- [Dataset extract]:

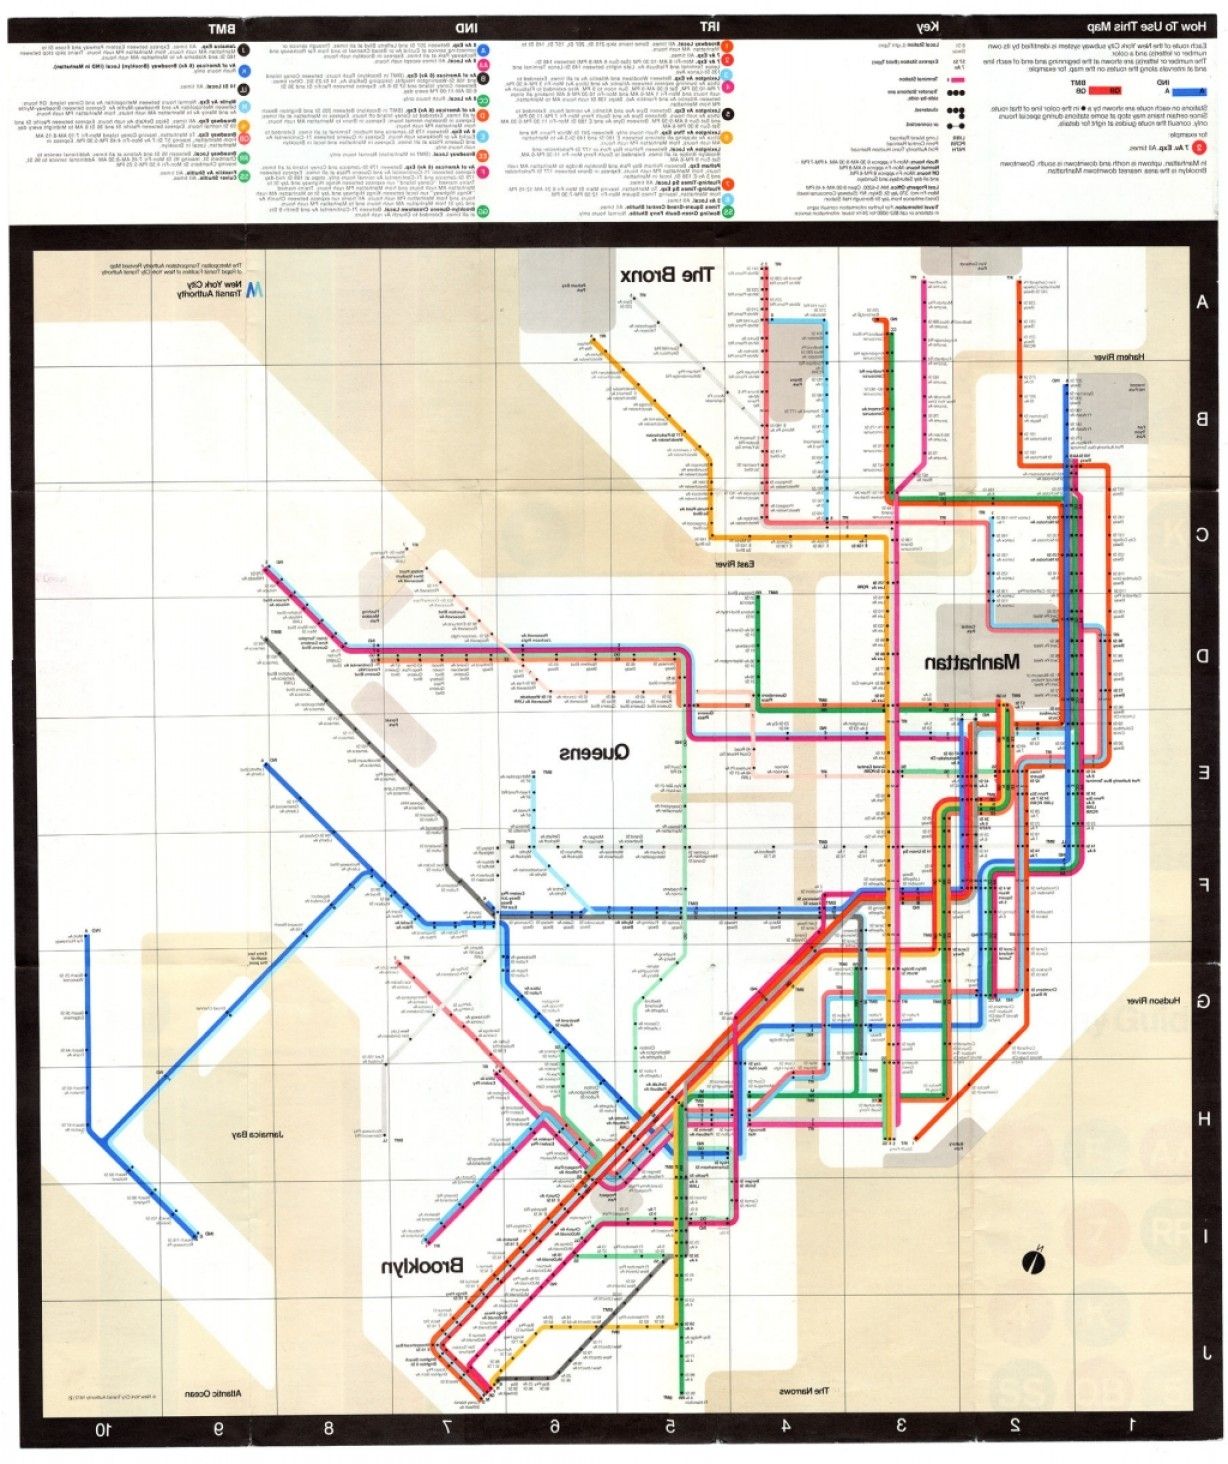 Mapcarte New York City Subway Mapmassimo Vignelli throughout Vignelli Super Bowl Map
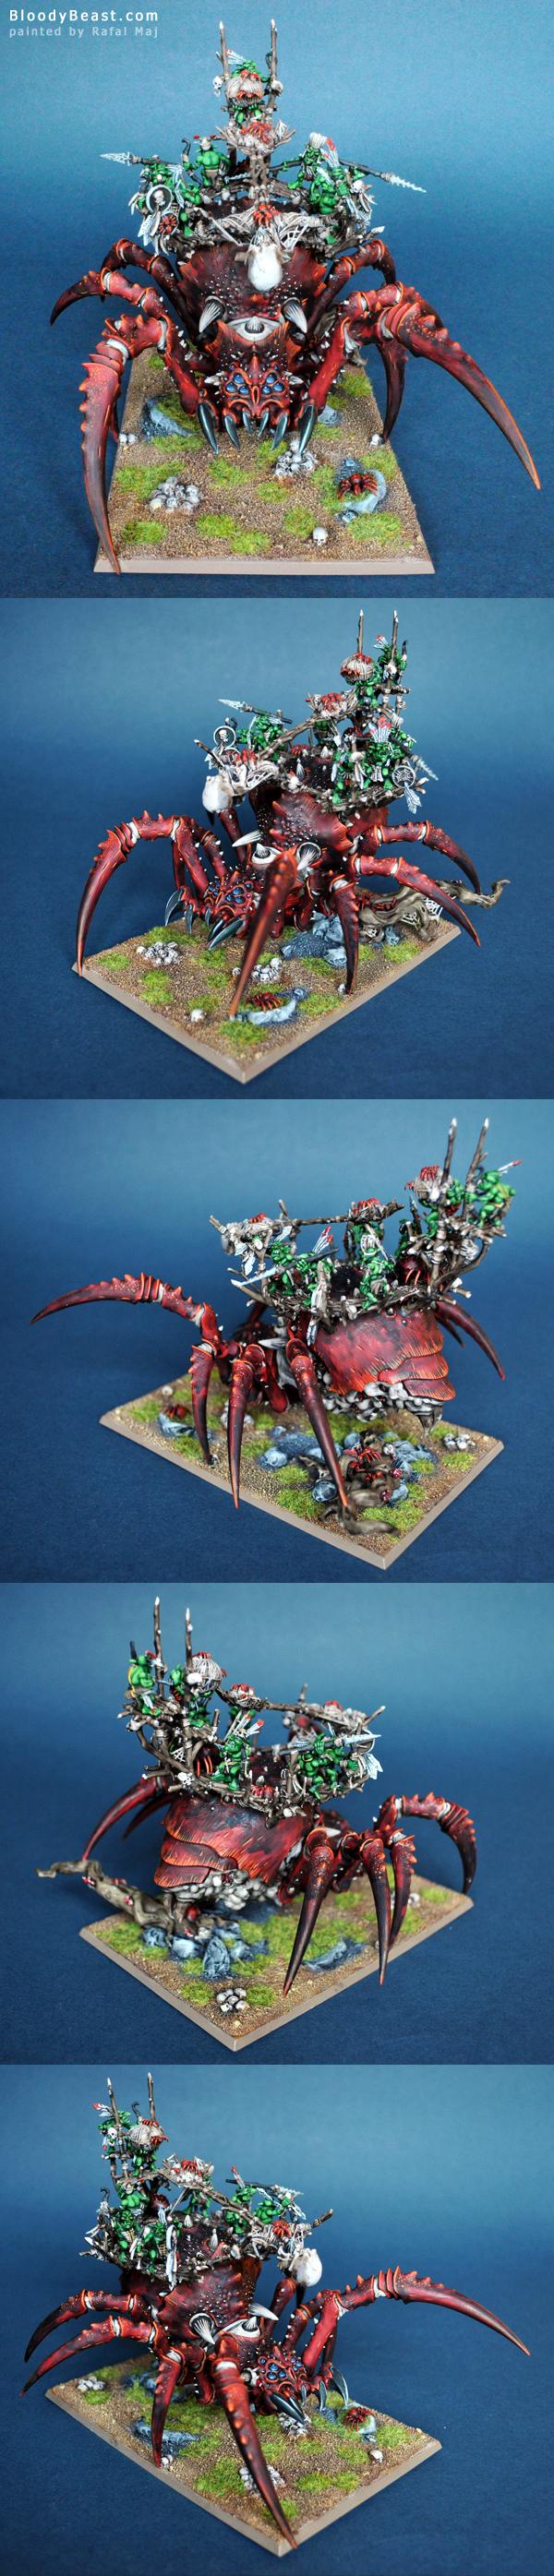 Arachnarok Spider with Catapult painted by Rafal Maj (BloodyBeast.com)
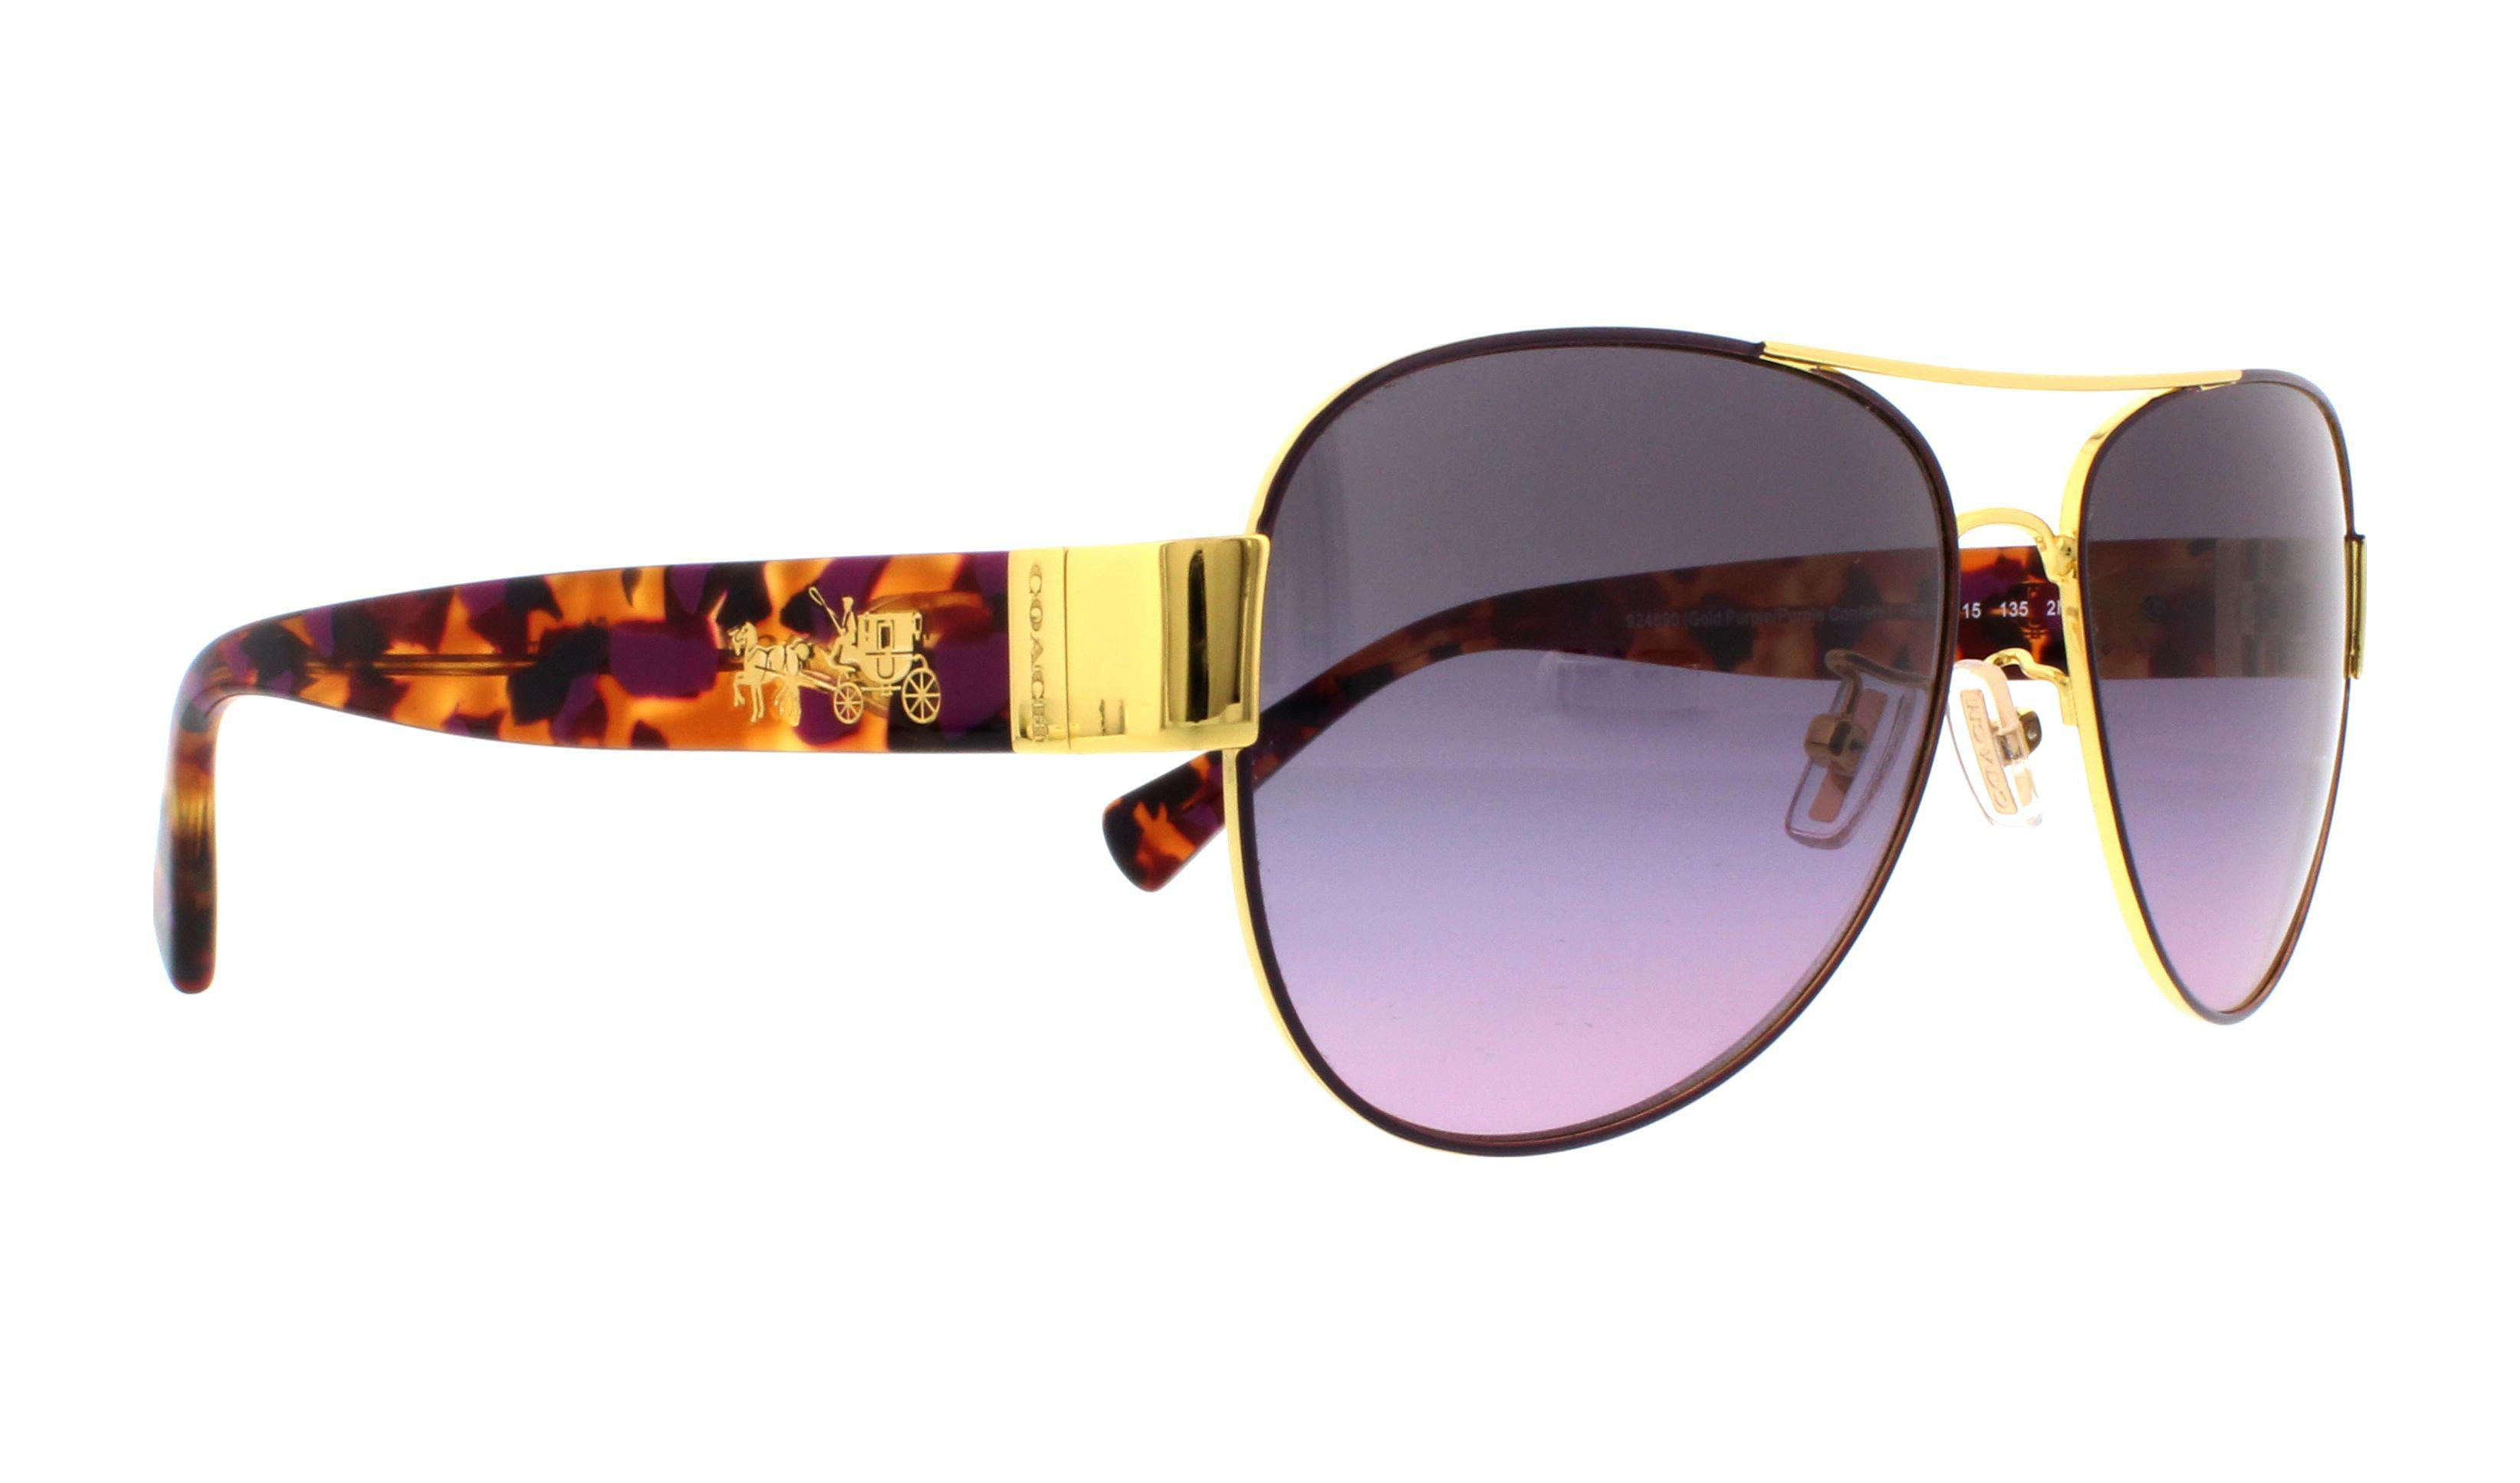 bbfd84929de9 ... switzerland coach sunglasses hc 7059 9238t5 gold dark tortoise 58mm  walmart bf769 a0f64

- [What the exercise asks]: Leaving every picture aside, repeat the listing exactly.

- [Written reply]:
 Mapcarte New York City Subway Mapmassimo Vignelli throughout Vignelli Super Bowl Map
 Arachnarok Spider with Catapult painted by Rafal Maj (BloodyBeast.com)
 bbfd84929de9 ... switzerland coach sunglasses hc 7059 9238t5 gold dark tortoise 58mm  walmart bf769 a0f64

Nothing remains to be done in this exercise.